Понятие «работа» органично вошло в профессиональную этику и самоидентификацию служителей королевской власти. В текстах королевских указов, в политических трактатах служение чиновников не раз обозначается словами «труд» (labeur, travail) и «трудиться» (labourer, travailler)[1674]. Так логика становления административного аппарата с его профессиональными нормами дисциплины трансформировала понятие «службы»: она постепенно воспринимается как тяжелая работа, требующая, помимо навыков и знаний, еще и физических сил.

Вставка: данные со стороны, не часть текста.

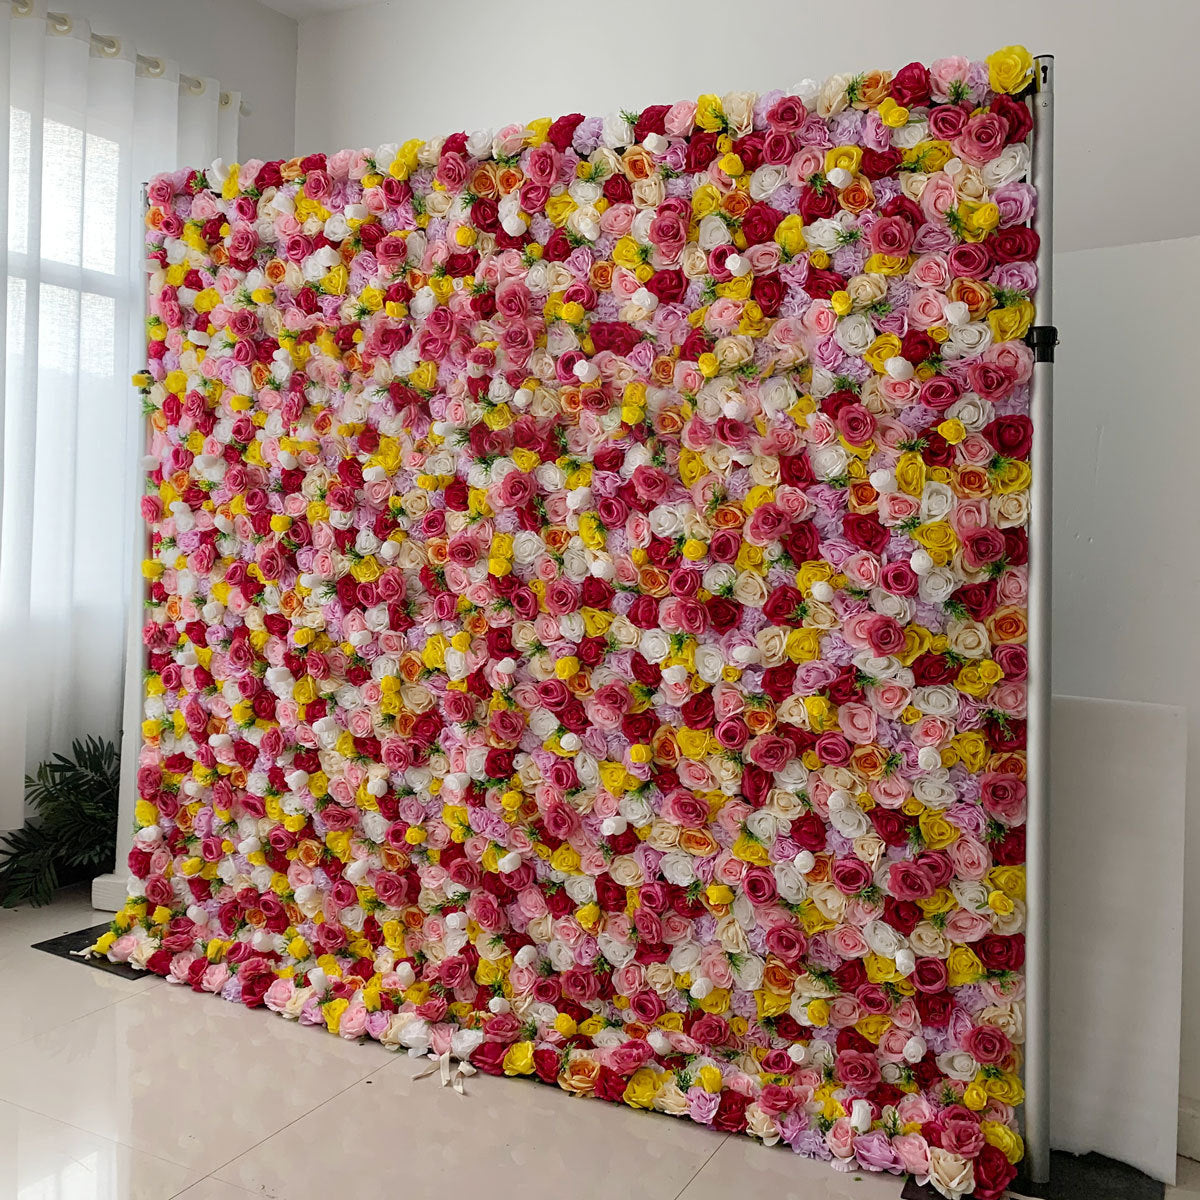 3D Artificial Flower Wall Arrangement Wedding Party Birthday Backdrop Decor HQ1153

Вследствие этого традиционное представление о советниках короля как об умудренных опытом мудрецах дополняется признанием необходимости для них и трудоспособности[1675]. Да и в процессе типизации требуемых от чиновника качеств мудрость и опытность означали также и работоспособность, отсюда проистекал приоритет в продвижении тех, кто не по годам опытен, а возраст в иерархии достоинств чиновника подразумевал именно срок службы и, следовательно, профессиональную опытность[1676].
Распространение понятия «работы» на институт службы отразило изменение самого этого института: от сеньориального Совета он эволюционировал в сторону бюрократического учреждения, со своими правилами, нормами и манерой поведения. Эти новые грани политической культуры и символического капитала верховной власти порождены были во многом бюрократическим габитусом чиновников. Причем символическая сторона сопоставима с рациональной: насаждаемый нормами дисциплины образ жизни чиновника, все силы и время отдающего трудам, граничил с утопией, трудно воплотимой в реальности, но он оправдывал щедрое вознаграждение и повышающийся статус королевских должностных лиц. Такой трактовке службы наиболее адекватно соответствует веберовское понятие «Beruf» (профессиональное призвание[1677]), содержащее в себе и рациональное восприятие мирского долга, и оправдание материального благосостояния, и нравственный авторитет, и высокое предназначение службы на общее благо.
Объем, структура и процедура оплаты королевских должностных лиц являются важнейшим компонентом формирования государственного аппарата и складывания нового статуса службы, который изначально определялся выплатой жалованья из королевской казны, т. е. самим королем из его ординарных доходов от домена и регальных прав, а не на счет «управляемых» (тяжущихся сторон, адресатов королевских писем и т. д.)[1678]. Хотя по мере возрастающей доли в доходах короля разнообразных налогов подданные, по сути, были принуждены оплачивать королевский аппарат и поэтому в своих жалобах стремились всячески его сократить, сам принцип оплаты через посредство короля ставил чиновников в независимое по отношению к подданным положение. Постепенно жалованье чиновников стало фиксированным и уже не зависело от воли конкретного монарха, что обеспечило чиновникам независимое положение по отношению в том числе и к королю.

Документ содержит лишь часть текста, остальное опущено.